Top of EXTRACTED ENTRIES

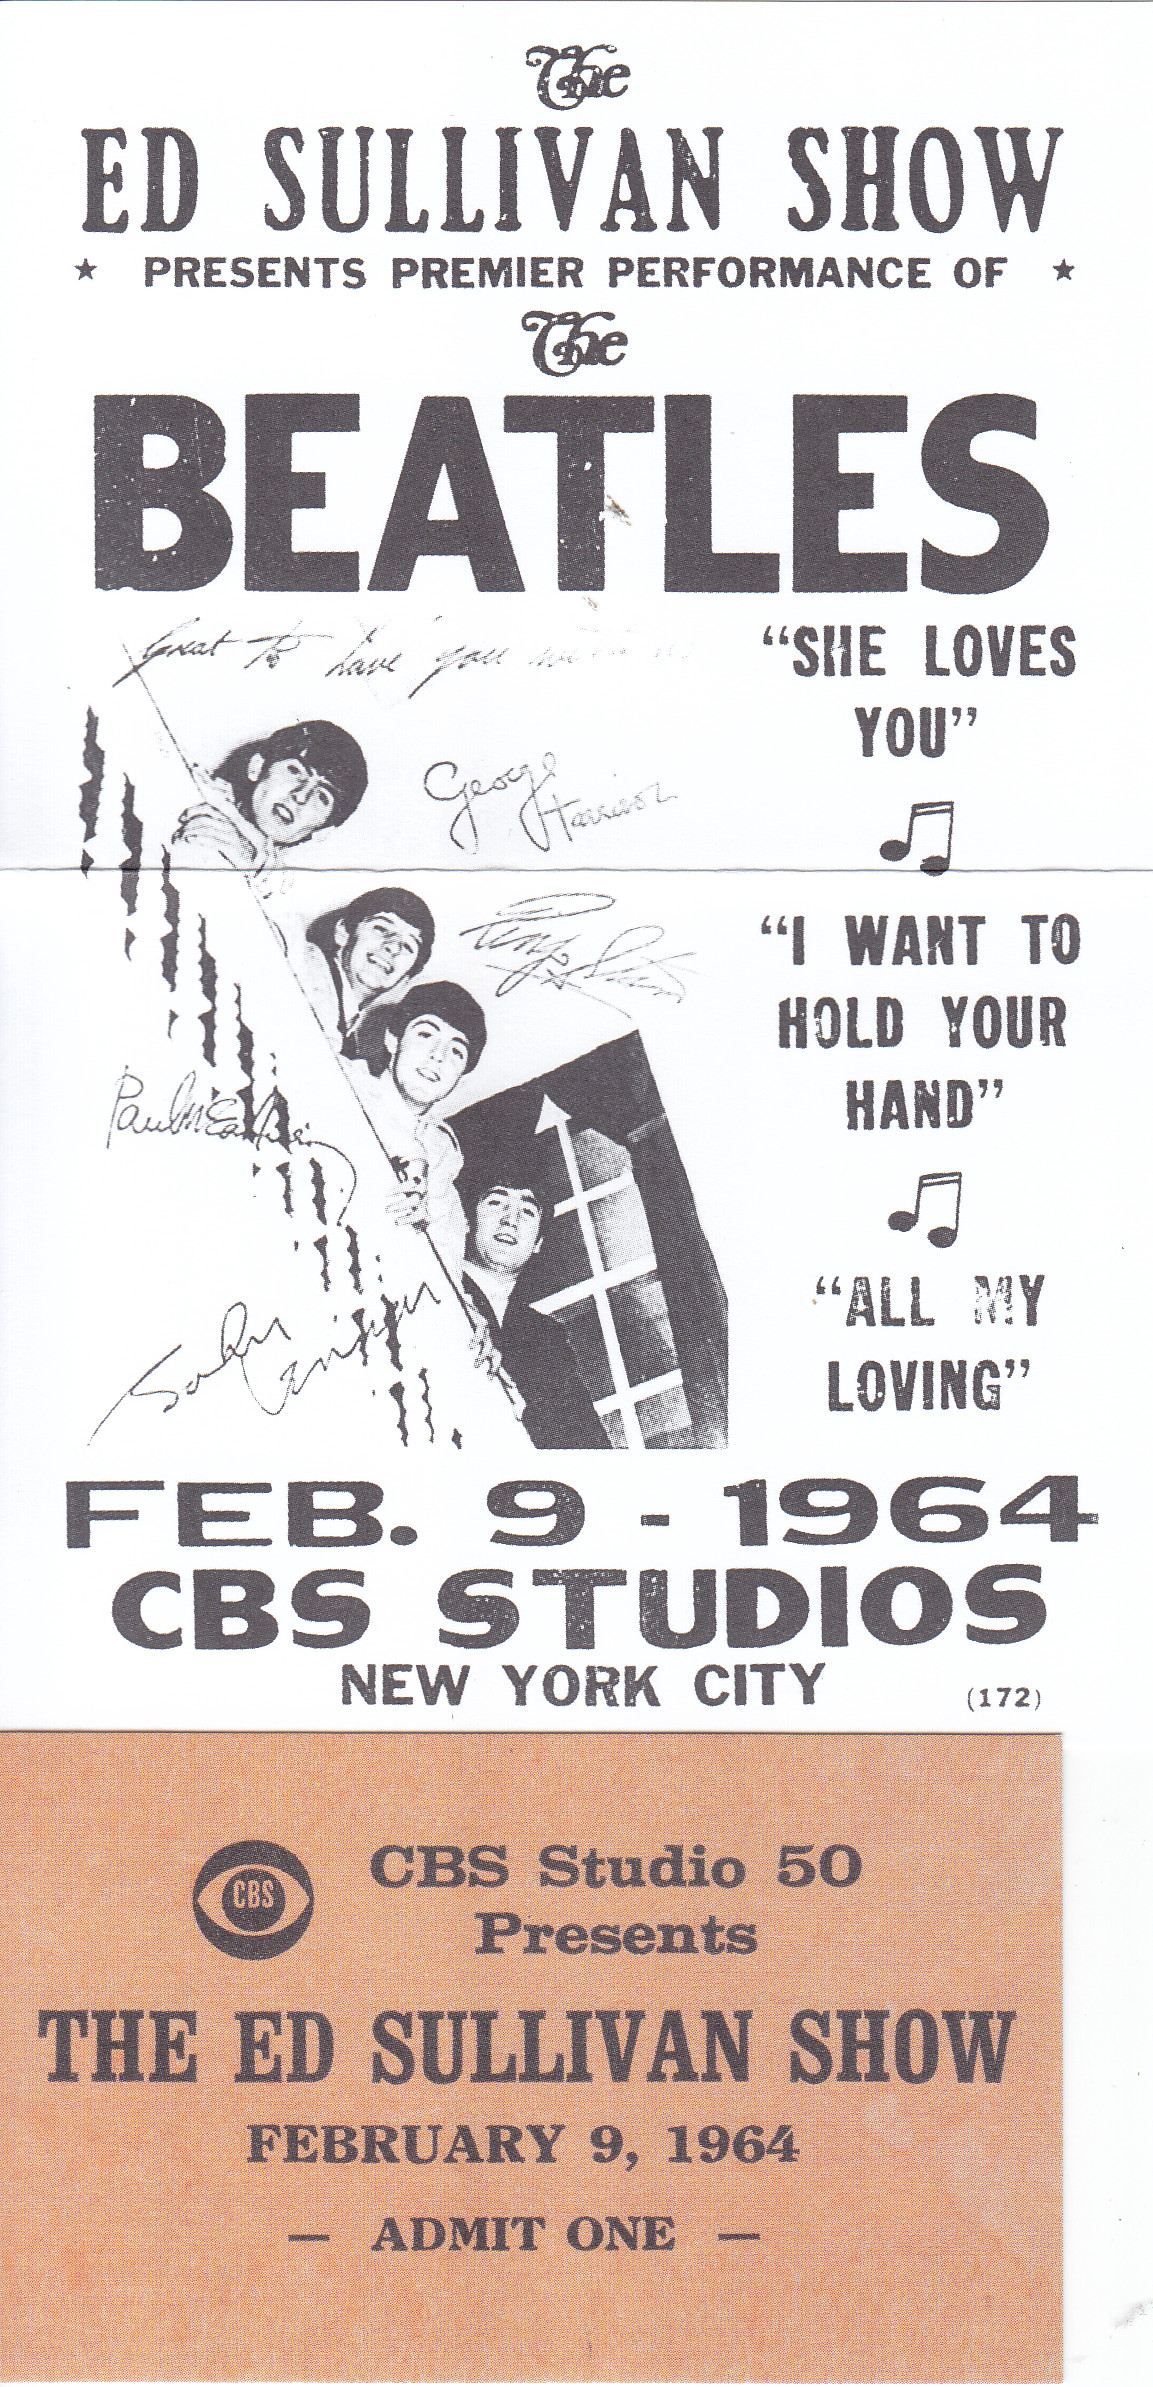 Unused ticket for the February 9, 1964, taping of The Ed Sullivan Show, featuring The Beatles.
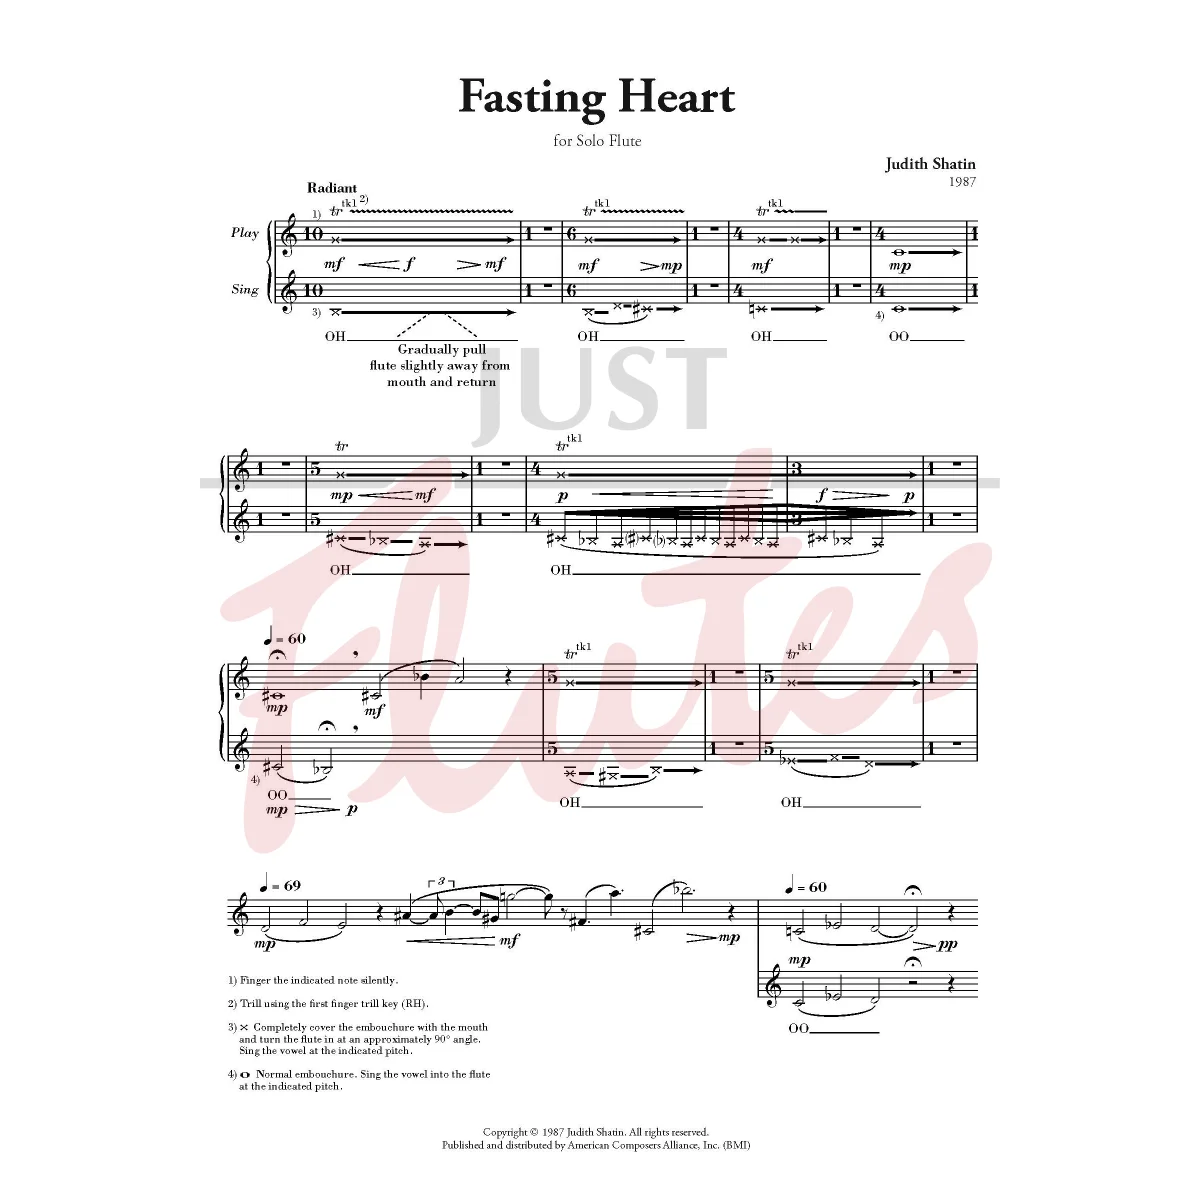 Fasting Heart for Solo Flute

Bottom of EXTRACTED ENTRIES
Top of EXTRACTED ENTRIES

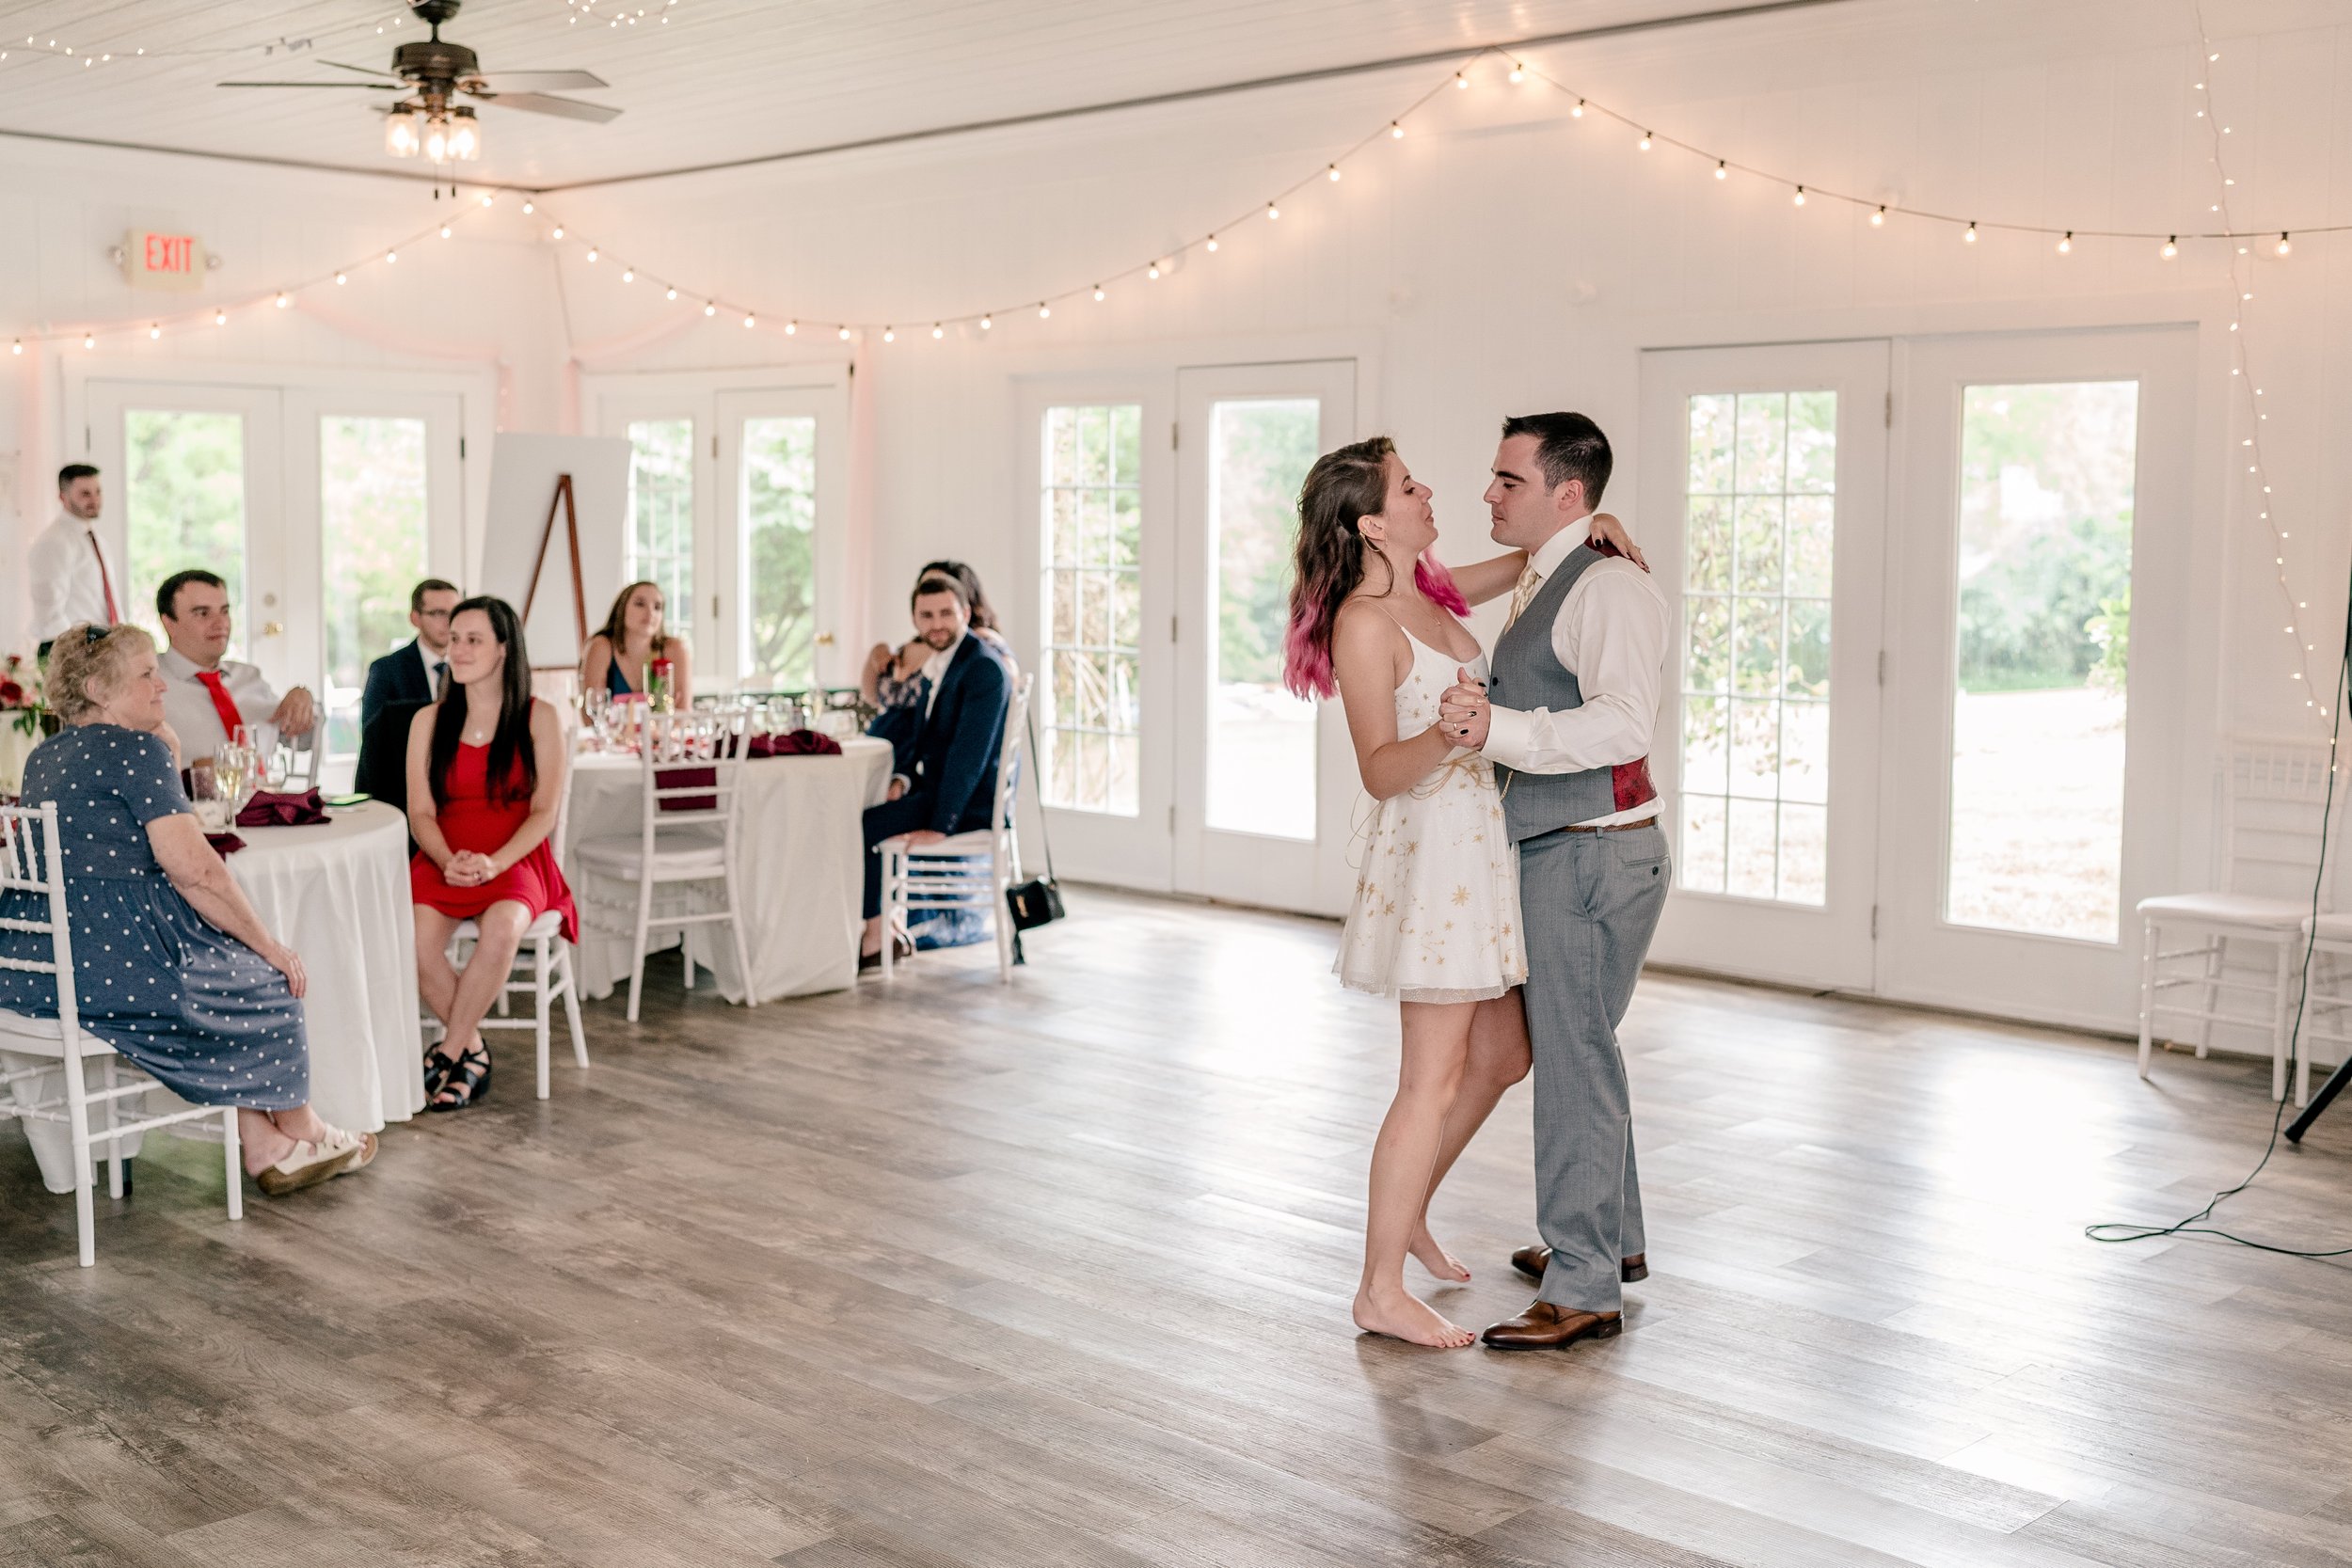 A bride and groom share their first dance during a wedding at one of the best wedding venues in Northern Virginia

Bottom of EXTRACTED ENTRIES

* [DIRECTIONS FOR THIS TASK]: What lines above run from the one with "Unused ticket for" to the one with "Fasting Heart for Solo Flute"? Give them again exactly, ends included, and leave the pictures out.

* [TASK OUTPUT]:
 Unused ticket for the February 9, 1964, taping of The Ed Sullivan Show, featuring The Beatles.
 Fasting Heart for Solo Flute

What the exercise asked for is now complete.